From my personal experience overall games run much much better on Windows ( 10 or 11 ).

Edit: ok I just noticed the title is missleading, it's for handled device not pc.

  • It doesn't make sense to benchmark a handheld gaming device w/ a native screen resolution of 1920x1200 at 2k or 4k. Likewise setting any graphics settings "extreme" like raytracing - it will run at slideshow speeds no matter what operating system. Besides, DOOM: The Dark Ages is a top tier graphics title released a month and a half ago; I think the selection of titles is decent for capability of the device.

This just in, Games on a Gaming OS developed by a Gaming Business perform better than an OS not explicitly for that.

More news at 11.

  • You recognize, of course, that the conventional wisdom up until today (and even still in most people's minds) was that Windows was the OS to install if you want to play games. There's genuinely a movement right now that's saying, "Linux might actually be the all around better desktop OS if you are a gamer".

    That's absolutely noteworthy.

Borderlands 3? Homeworld 3? Who chose these games? Why not just use the current top 10 on Steam atm?

  • "To test the performance impact of this operating system choice, we started with the SteamOS version of the Legion Go S (provided by Lenovo) and tested five high-end 3D games released in the last five years using built-in benchmarking tools..."

    those games come with benchmark tools

    • Borderlands 3 was 2019. Homeworld 3 has a 38% on Steam and sold poorly. I highly doubt it ever received patches or optimizations. Again, these feel unbelievably arbitrary, as if someone just wanted to push a narrative.

      2 replies →

  • Counter Strike 2 (lol, steam says 2012), DOTA 2 (2013), PUBG (2017), Bongo Cat, Elden Ring: Nightreign (2025), Peak (2025), Rainbow Six Siege (2015), Dune Awakening (2025), Marvel Rivals (2024), aaaaaand Wallpaper Engine.

    Now, maybe you cut out Bongo Cat and Wallpaper Engine, those aren't games.
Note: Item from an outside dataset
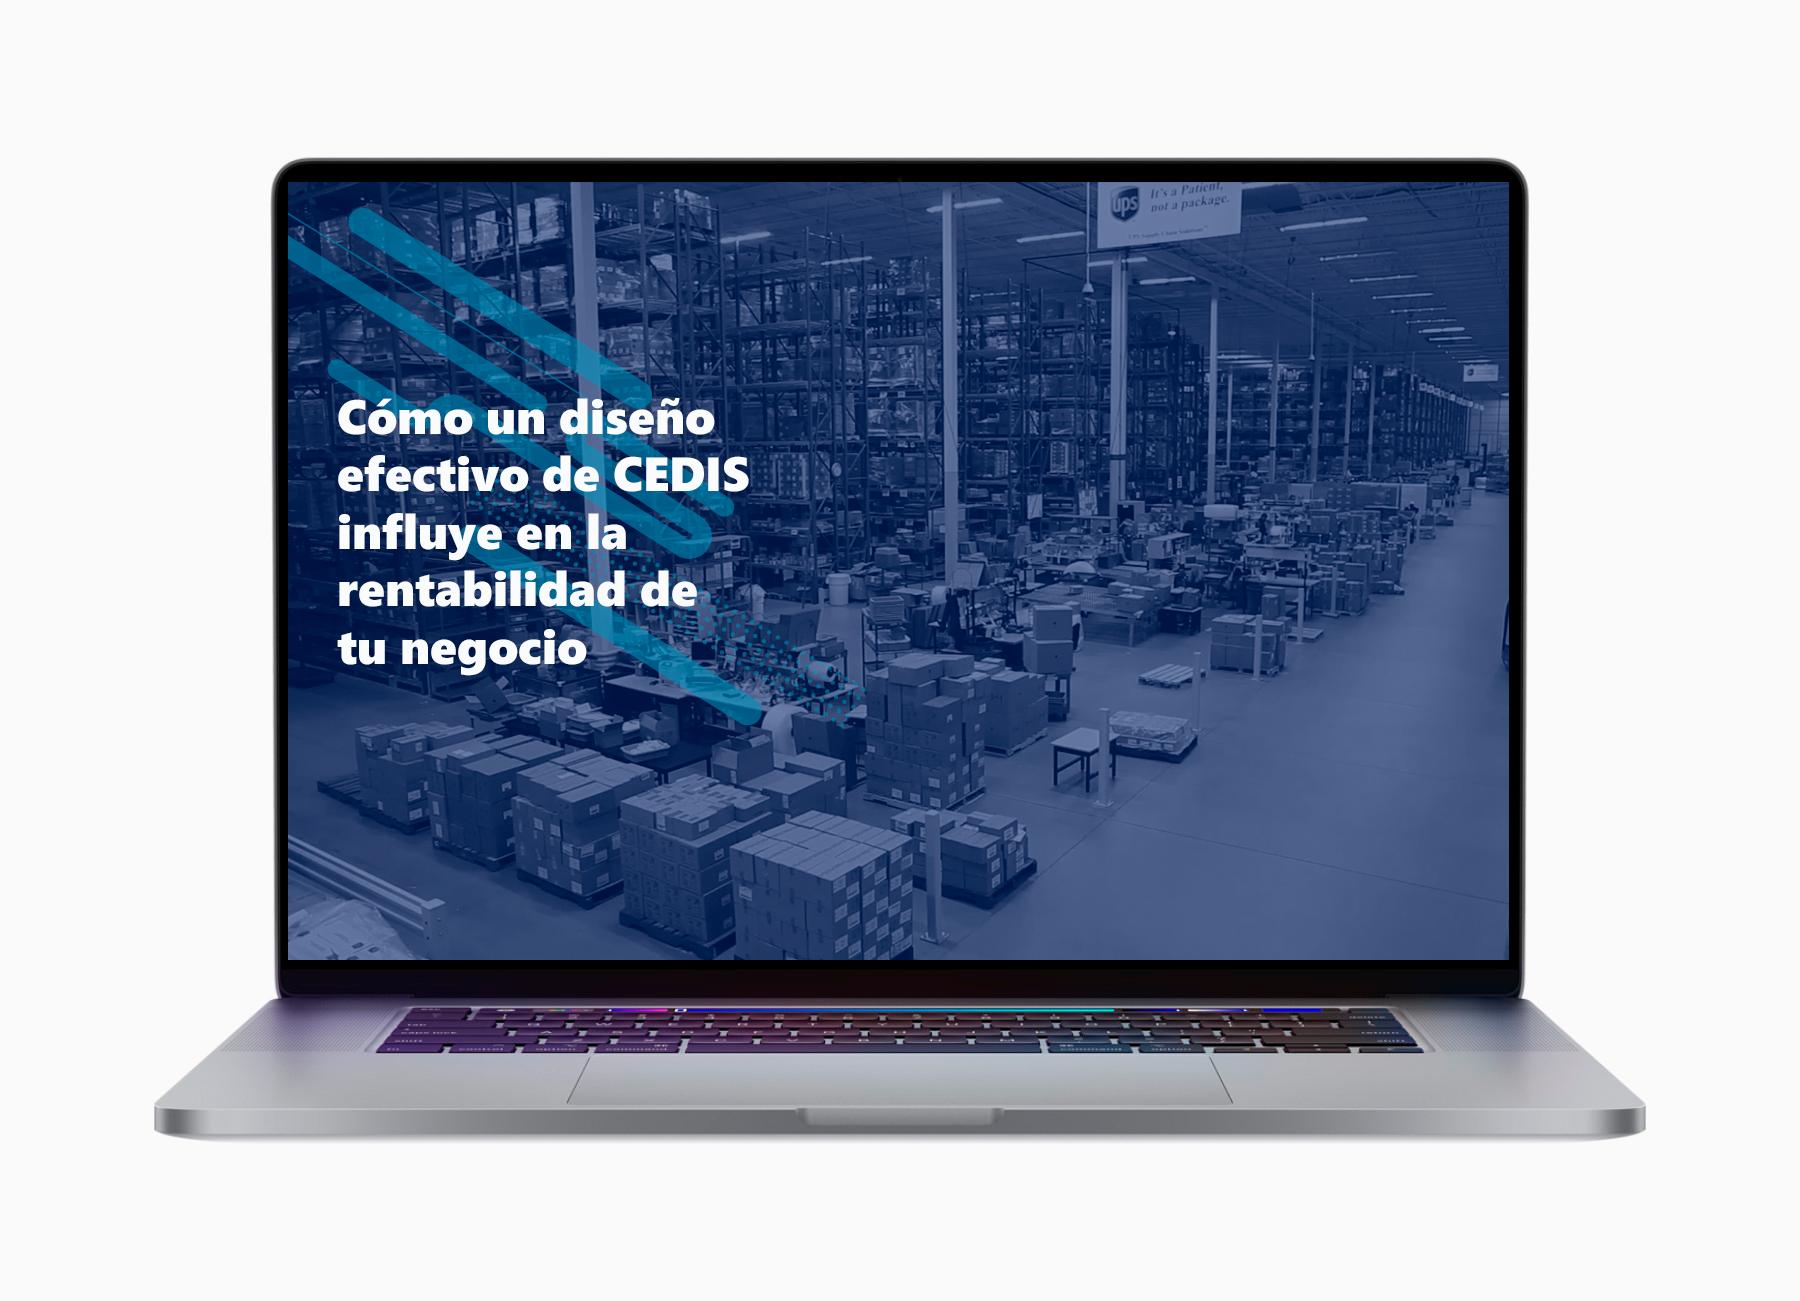 webinar-lap-Cómo-un-diseño-efectivo-de-CEDIS-influye-en-la-rentabilidad-de-tu-negocio

Next on the list we'd have Apex Legends (2020) and Warframe (2013).

    Few of these games tell you much about performance. And I don't think many of them have ways to get a consistent, quick performance measurement. I think the article authors made a pretty good set of choices, tbh.

Every simple code base / API is faster than mature API’s due to the fact they do less. A simple string handling library which isnt biderectional, doesnt cater to people with accessibility, doesnt take locale formatting into account, doesnt cover 100% unicode spec will always be faster than complex code that does.

Code and kernels that target known hardware doesn’t need dynamic conditional code to handle unpredictable hardware. This will be faster.

General purpose operating systems handle printing events, background updates, periodic online checks, network discovery, maintenance jobs etc, all these operations consume resources and time.

Yes, Steam deck on Linux will run faster than equivalent games on Windows. But Steam deck on a smaller OS like Haiku will run even faster than Linux.

Engineering is a compromise. A F1 car can corner faster than a passanger car. But it probably sucks to reverse park. Also, I cannot imagine using a sports car for grocery shopping and hauling furniture from Ikea.